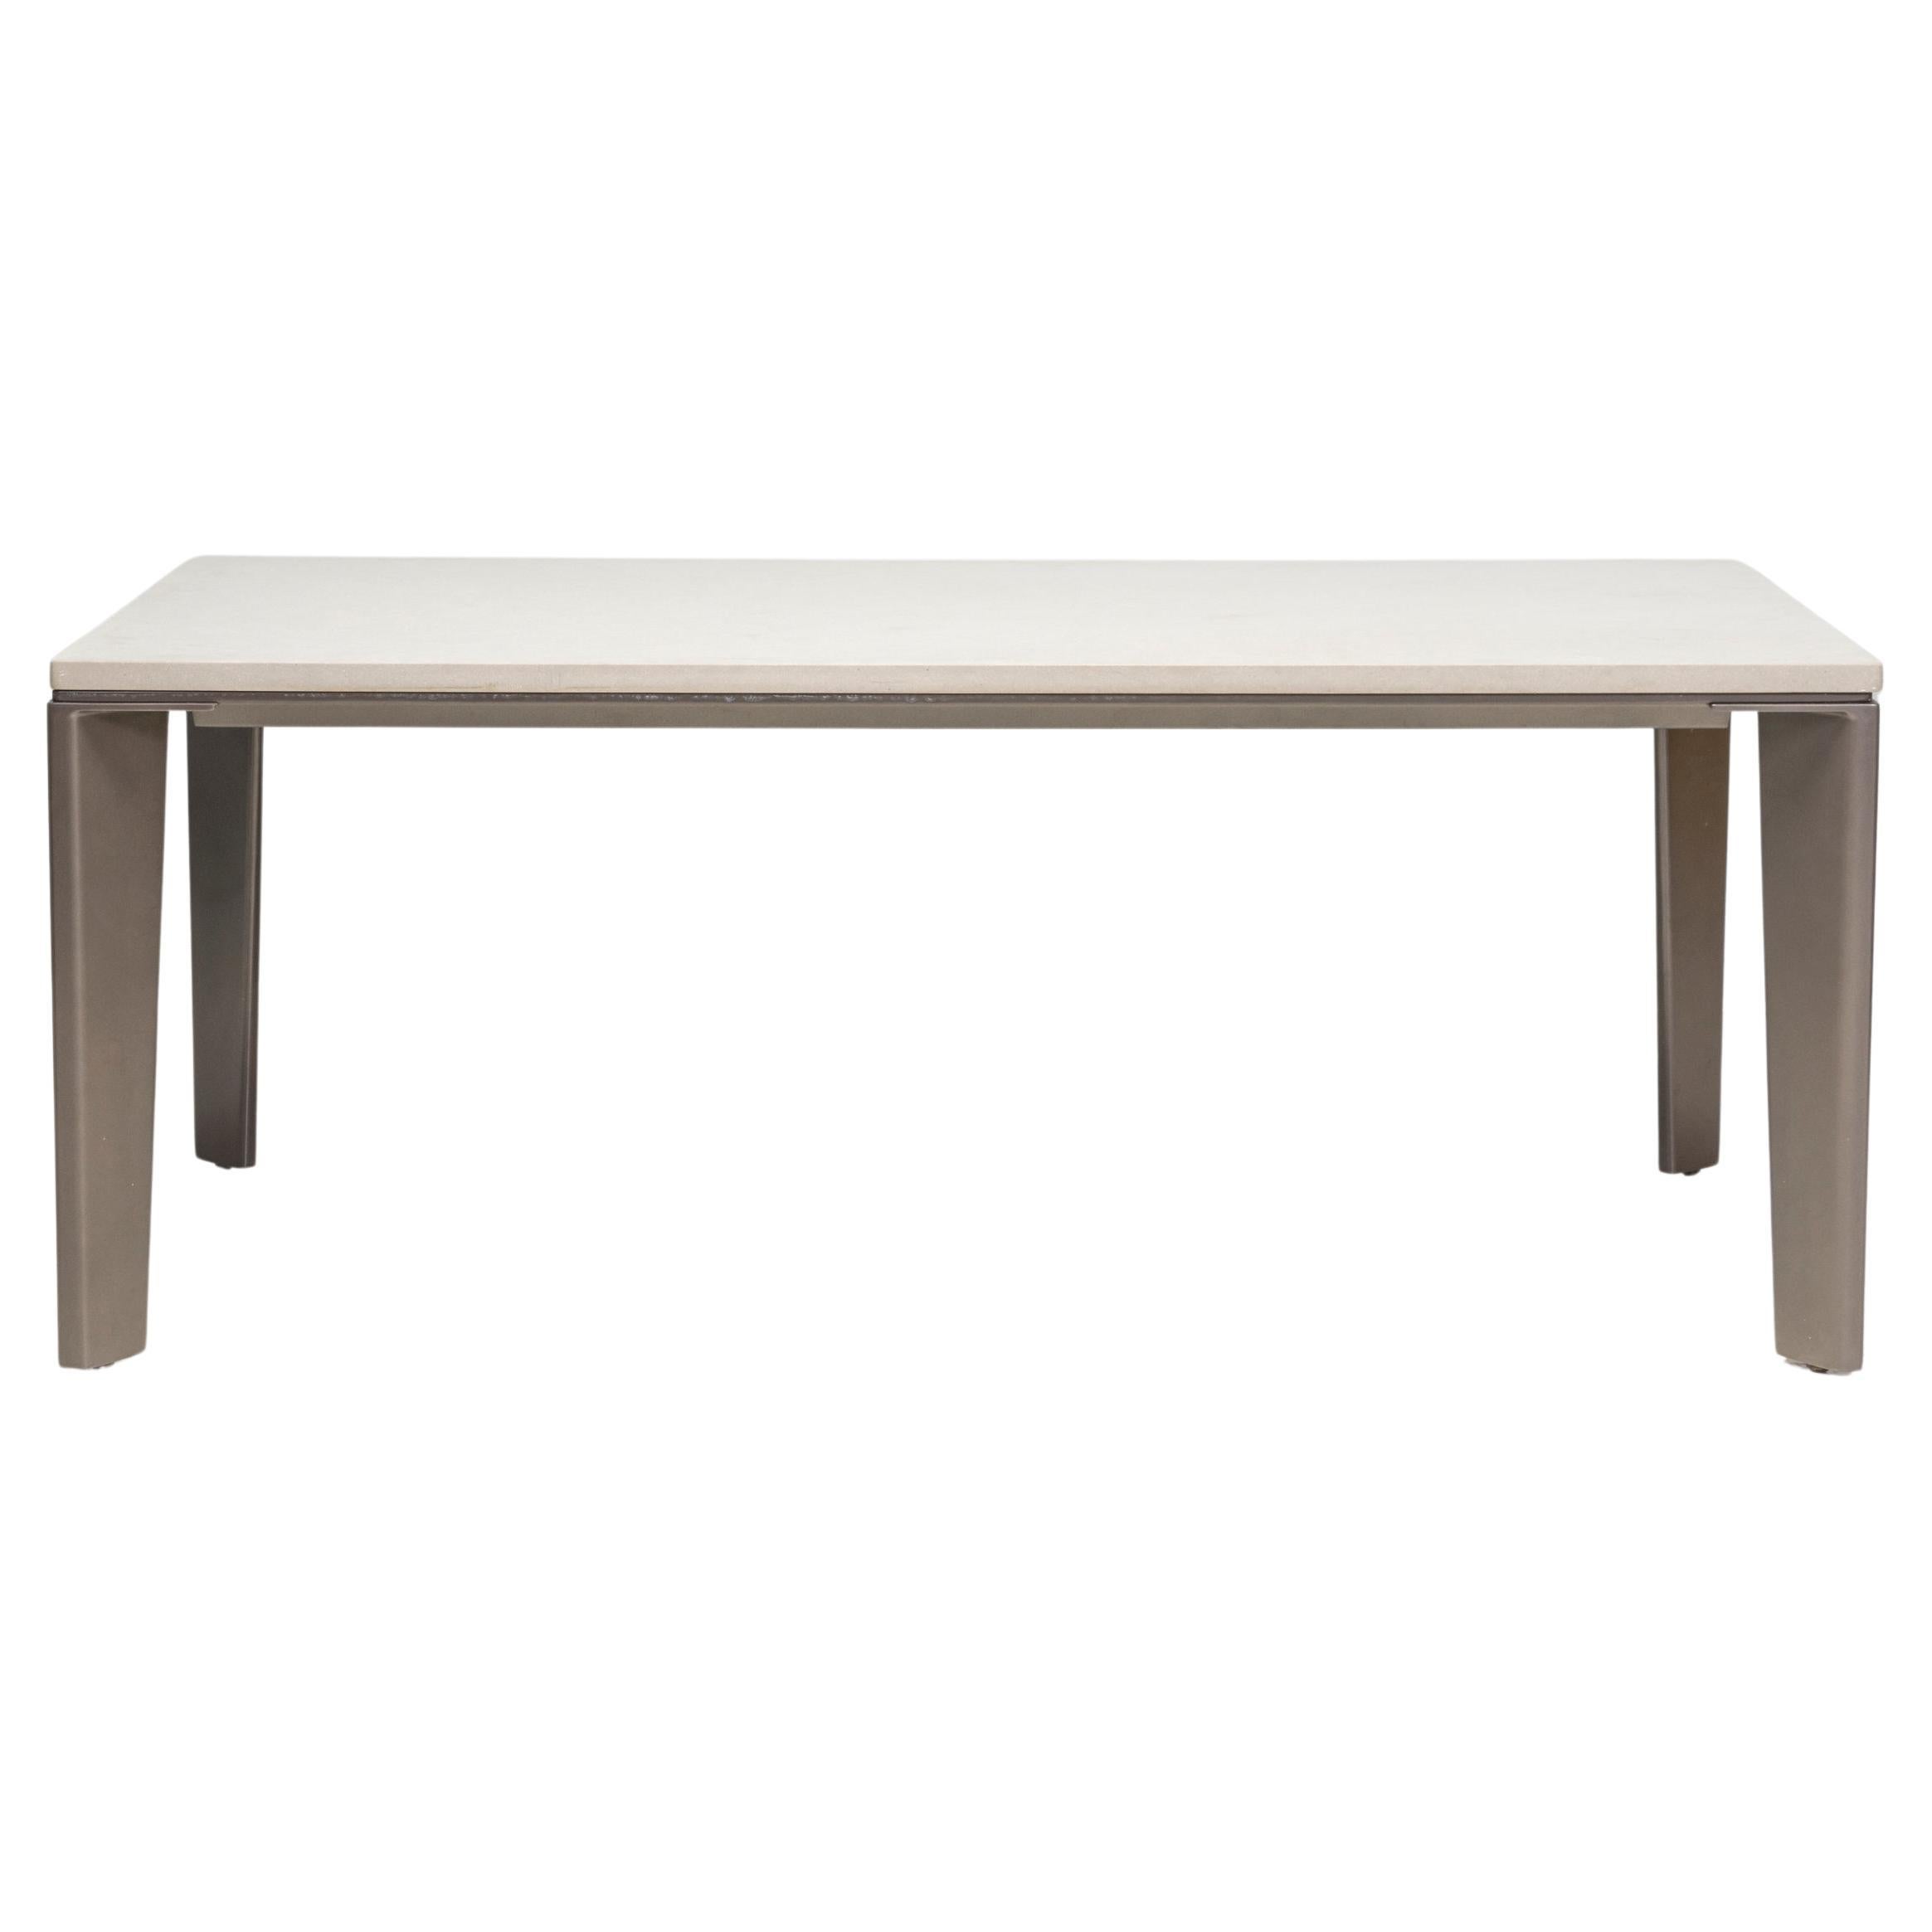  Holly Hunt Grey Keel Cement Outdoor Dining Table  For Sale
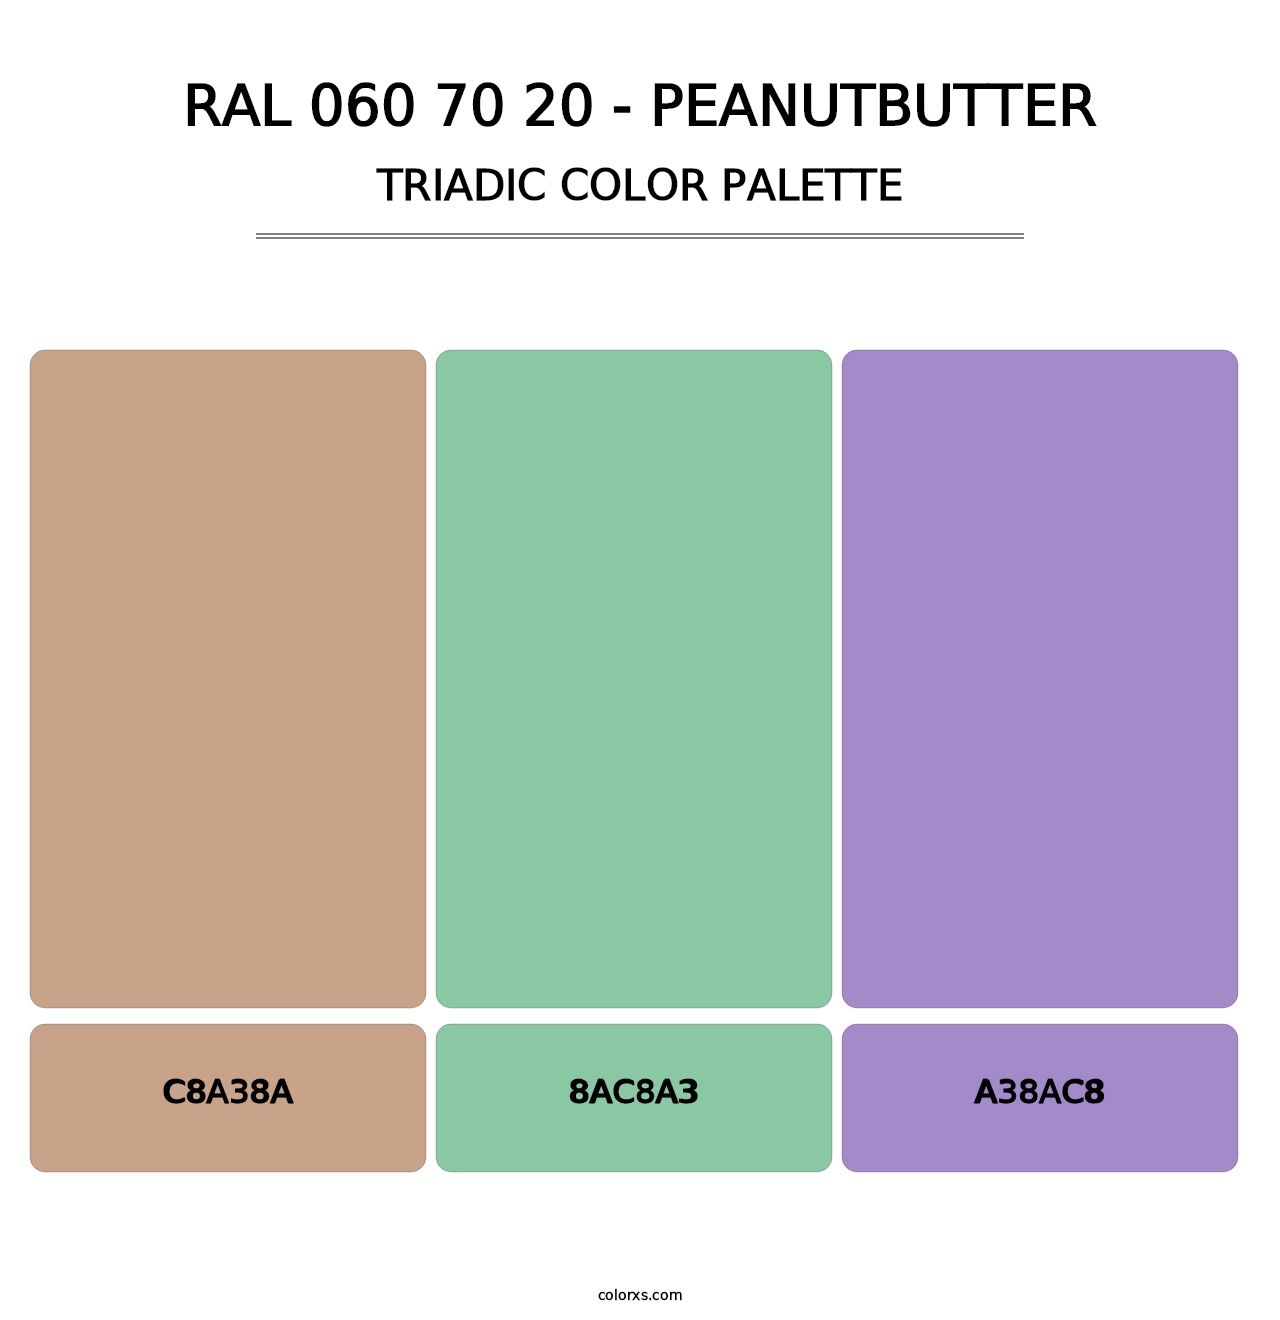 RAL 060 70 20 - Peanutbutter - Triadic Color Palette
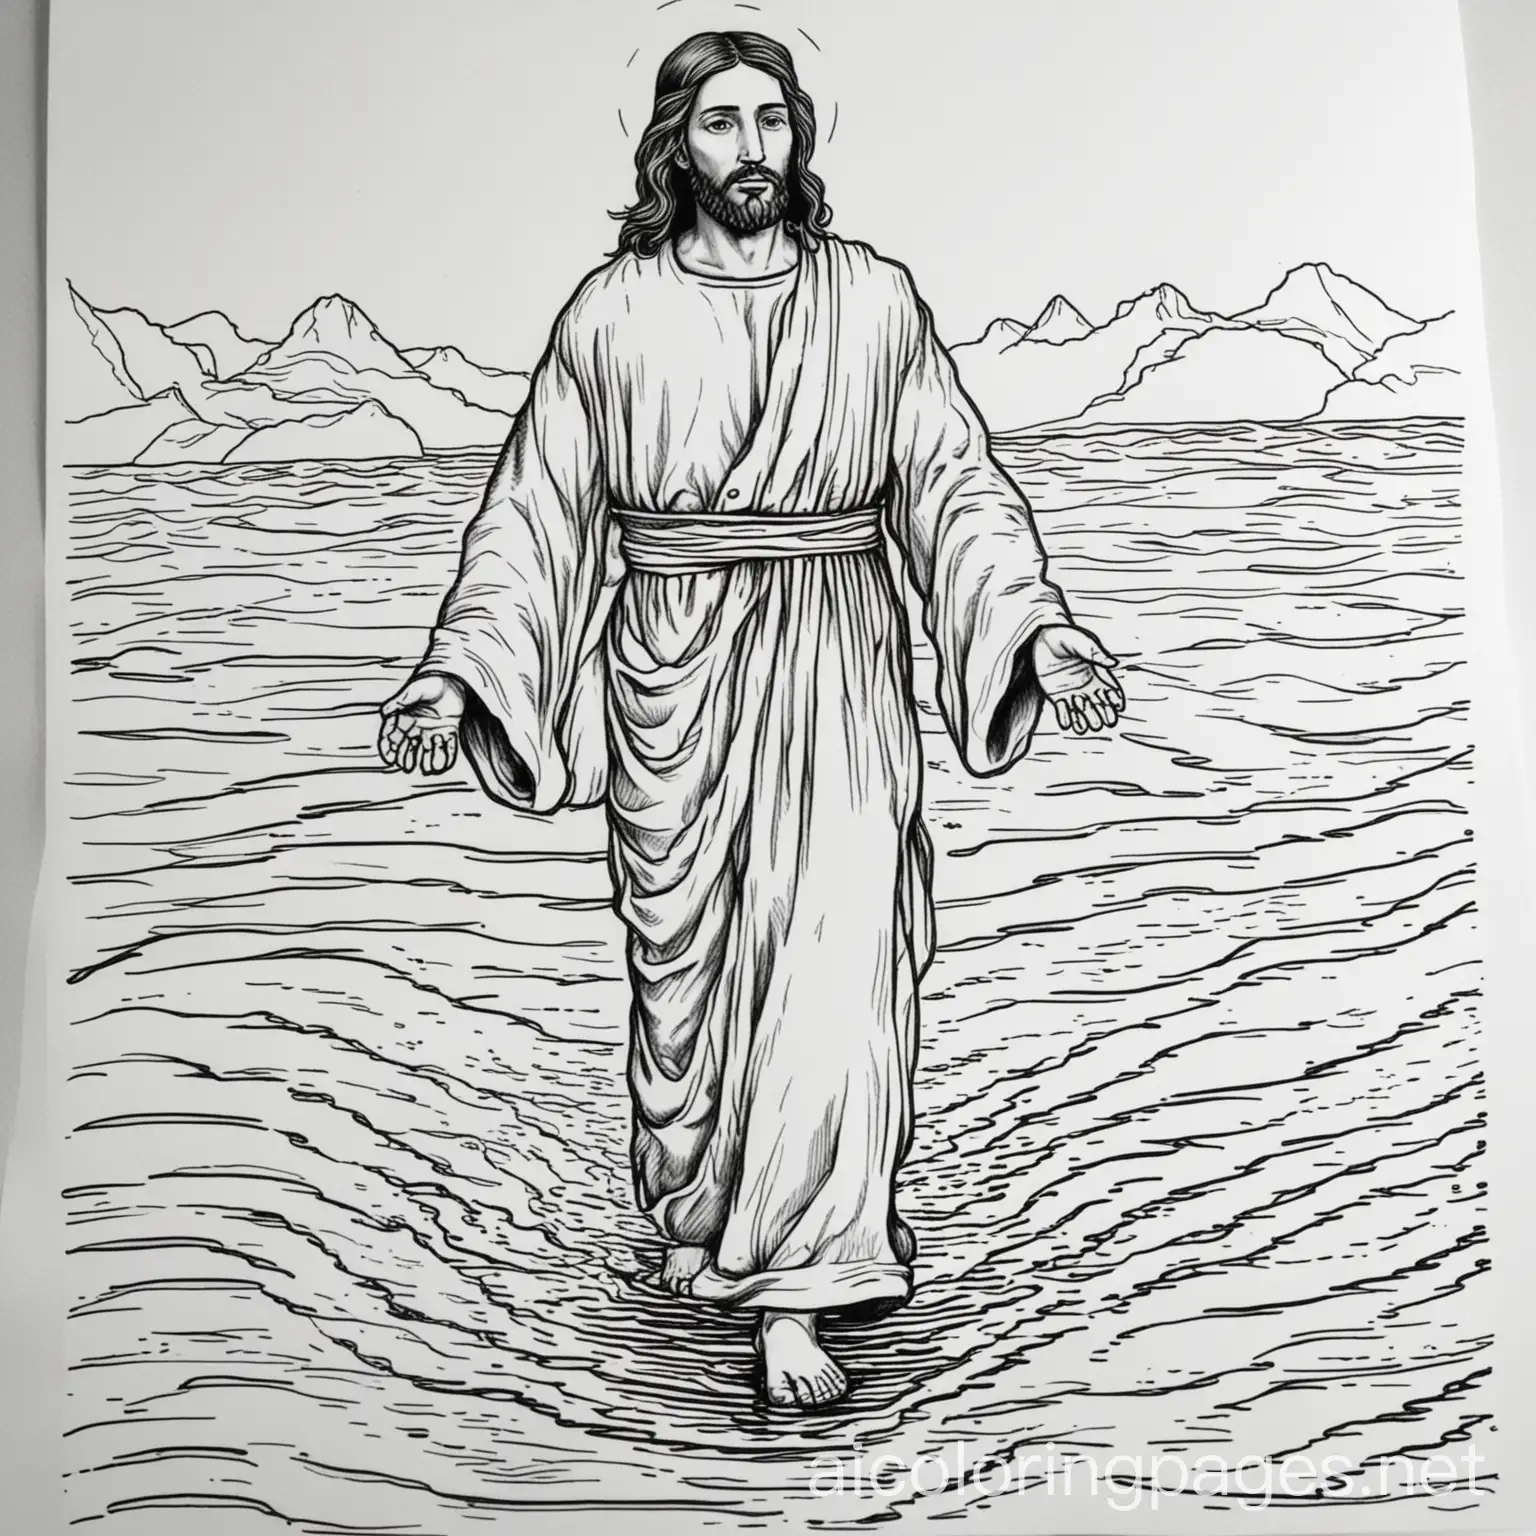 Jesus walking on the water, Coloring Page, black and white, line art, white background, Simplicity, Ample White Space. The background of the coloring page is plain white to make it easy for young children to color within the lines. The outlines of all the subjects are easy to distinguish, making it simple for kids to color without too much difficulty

* How to complete this task
Leave out the pictures and print every line of the data exactly.

* Solution below
  Holly Hunt Grey Keel Cement Outdoor Dining Table  For Sale
 RAL 060 70 20 - Peanutbutter - Triadic Color Palette
 Jesus walking on the water, Coloring Page, black and white, line art, white background, Simplicity, Ample White Space. The background of the coloring page is plain white to make it easy for young children to color within the lines. The outlines of all the subjects are easy to distinguish, making it simple for kids to color without too much difficulty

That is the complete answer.